Los medios de comunicación han permitido la irrupción de líderes que no se han abierto camino al interior de los partidos. Un caso emblemático es el de Silvio Berlusconi en Italia, por ejemplo. Proviene de la empresa y los medios de comunicación, forma su propio partido y llega a ser Primer Ministro, en fin. Así, “en algunos países europeos, en las últimas décadas, solo un 50 a 60 por ciento de los ministros han sido alguna vez parlamentarios” (Berman y Strøm, 2011, loc. 370).

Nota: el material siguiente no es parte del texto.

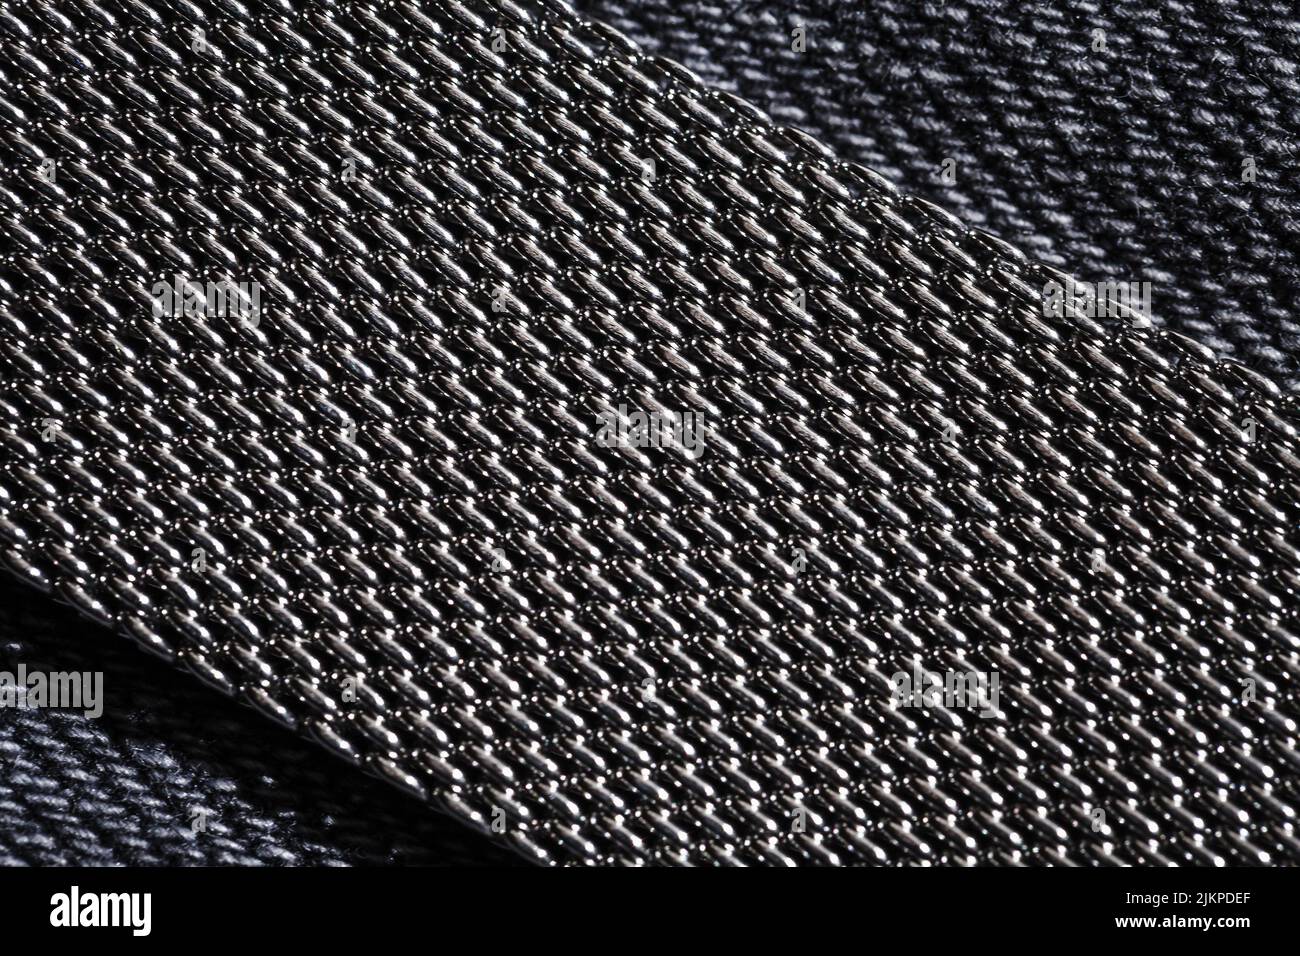 Tessitura milanese, bracciale orologio in acciaio inox, macro foto con messa a fuoco selettiva Foto Stock

Este fenómeno coexiste con otro: la menor representatividad de los partidos políticos en virtualmente todos los países. Por ejemplo, en Gran Bretaña a fines de los años 60, el 40 por ciento de la ciudadanía sentía un fuerte compromiso partidario y el 2017, solamente un 15 por ciento. En Alemania, un 81 por ciento se identificaba con algún partido en 1976, y el 2017, solo un 59 por ciento (Dalton, 2019, p. 193). La menor identificación con los partidos políticos también se da en los países nórdicos (Strøm, 2011). En un contexto de creciente desconfianza institucional, los partidos políticos despiertan especialmente poca confianza. Así, en Gran Bretaña el gobierno nacional concita la confianza de un 34 por ciento; la legislatura nacional, de un 36, y los partidos políticos, de un 18. En Alemania, el gobierno nacional concita la confianza de un 27; la legislatura nacional, de un 26, y los partidos, de un 16. “La declinación de los partidos políticos, en especial en términos electorales y de membresía, implica un desafío serio para democracias parlamentaristas” (Strøm, 2003, p. 736).